I was walking on Hampstead Heath which (for non-Londoners) is a very large public park with a great many trees and bushes, not always open and grassy. Maybe a bit like Central Park in New York.
Then I saw there was a very disheveled man who was lying under a bush, moaning softly and continually. And I saw that everyone else had assumed he was a dirty old drunken tramp, and had just walked right past him, doing nothing.
So I stopped to investigate. He wasn't a hobo, at all. He was a regular walker in the park, but he had varicose veins that had ruptured and he was lying with his face in the dirt, bleeding badly.
I was able to improvise a tourniquet, stabilize him a little, reassure him (he was very frightened and weak), and call for an ambulance. After that, he was just fine, and extremely grateful. If I had walked on by as well, together with everyone else that day, he may well have died.
The instant assumptions we sometimes make about people... it makes one think.
thepainterdoug
8th November 2019, 19:10
Bill/ he who saves one life, saves the world entire...
thats why I like coming here!
Caliban
8th November 2019, 19:22
Bill/ he who saves one life, saves the world entire...
thats why I like coming here!
Why not paint the guy? Immortalize him!
thepainterdoug
8th November 2019, 20:07
Caliban i did! go to www.dougauld.com his portrait is among my 100 whistleblowers project.
Caliban
8th November 2019, 20:10
Caliban i did! go to www.dougauld.com his portrait is among my 100 whistleblowers project.
I love that series. Which one is he? And--is he a Whistleblower in the sense of sounding the alarm on this nutso reality we've collectively created?
Sue (Ayt)
8th November 2019, 20:35
Caliban i did! go to www.dougauld.com his portrait is among my 100 whistleblowers project.
Oh my goodness painterdoug, those are almost ethereal!
(but I couldn't find Corey Goode.... :ROFL: )
thepainterdoug
8th November 2019, 20:50
Caliban/ he has a hat on and image is glowing red. click on it name will appear
and yes, the series is of whistleblowers and informers. bill is under that heading for sure
AYT. love the comedy!
Floating
10th November 2019, 01:40
Another view... “Is it OK if someone wants to live for years on a bench?”
https://www.bbc.com/news/stories-50211901?intlink_from_url=https://www.bbc.com/news/topics/cxqvep8kqext/long-reads&link_location=live-reporting-story
About a man and his mother living on a bench.
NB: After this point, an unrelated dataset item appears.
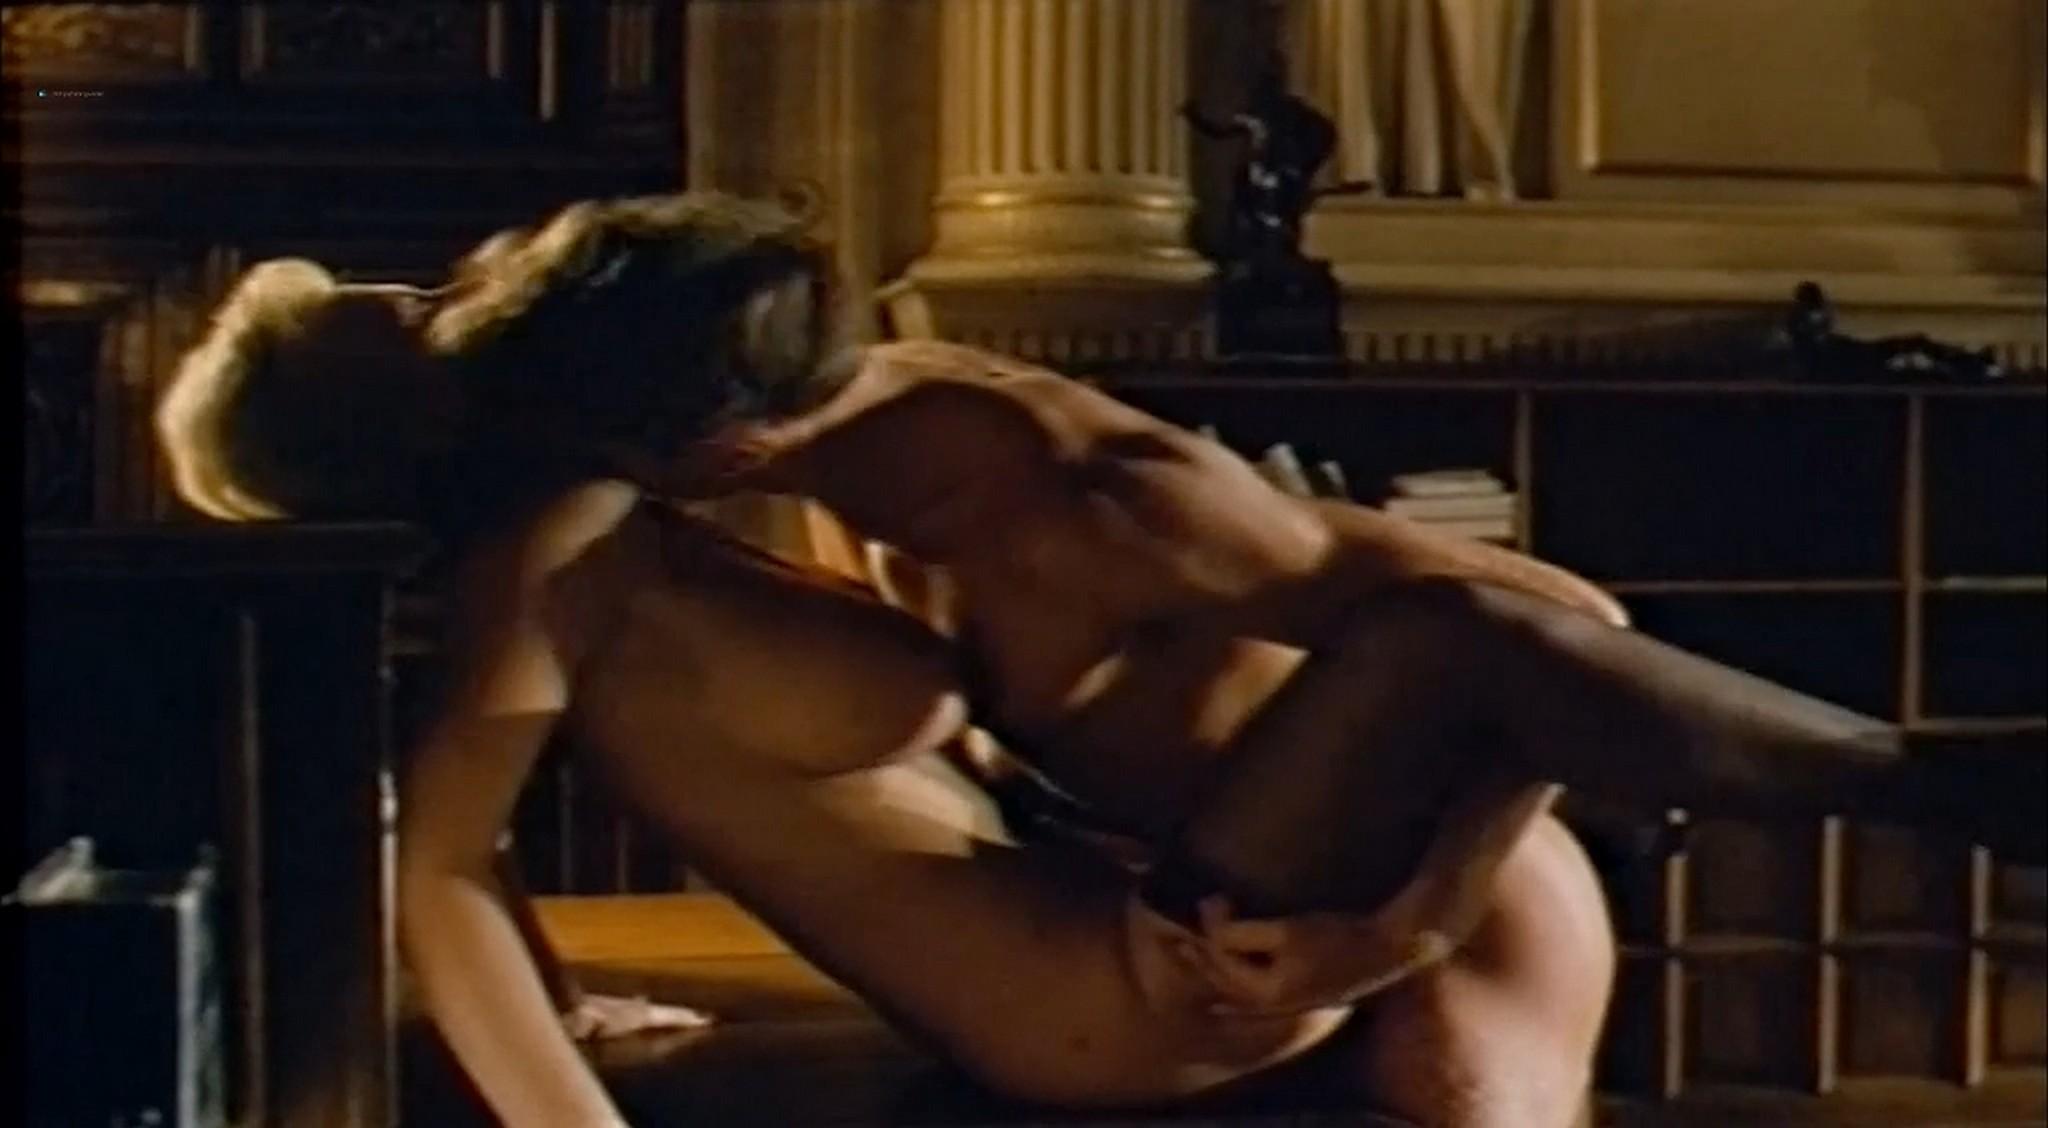 Carolyn Monroe nude Caroline Laurence and others nude sex Emmanuelle 7 1993 DVDRip 18

Homeless by choice.
Fascinating read.
thepainterdoug
10th November 2019, 01:59
FLOATING/ incredible! thanks for posting
TomKat
10th November 2019, 03:01
Guess I should have chosen a better profession, like coffee server or taxi driver/delivery person. At least they always have work...
Of course you could take a job as a delivery person. But that's the conundrum. Take that job and, as far as unemployment insurance goes, that's your new profession.
Matthew
10th November 2019, 04:34
...
I ask myself, what is he thinking? what does he do all day? Does he mourn his plight or anything? is he happy, or is he not thinking at all?
...
I live near a larger town called Reading; it's got a large homeless population, and if a city status was awarded on the number of homeless then the town Reading would have been promoted to a city long ago.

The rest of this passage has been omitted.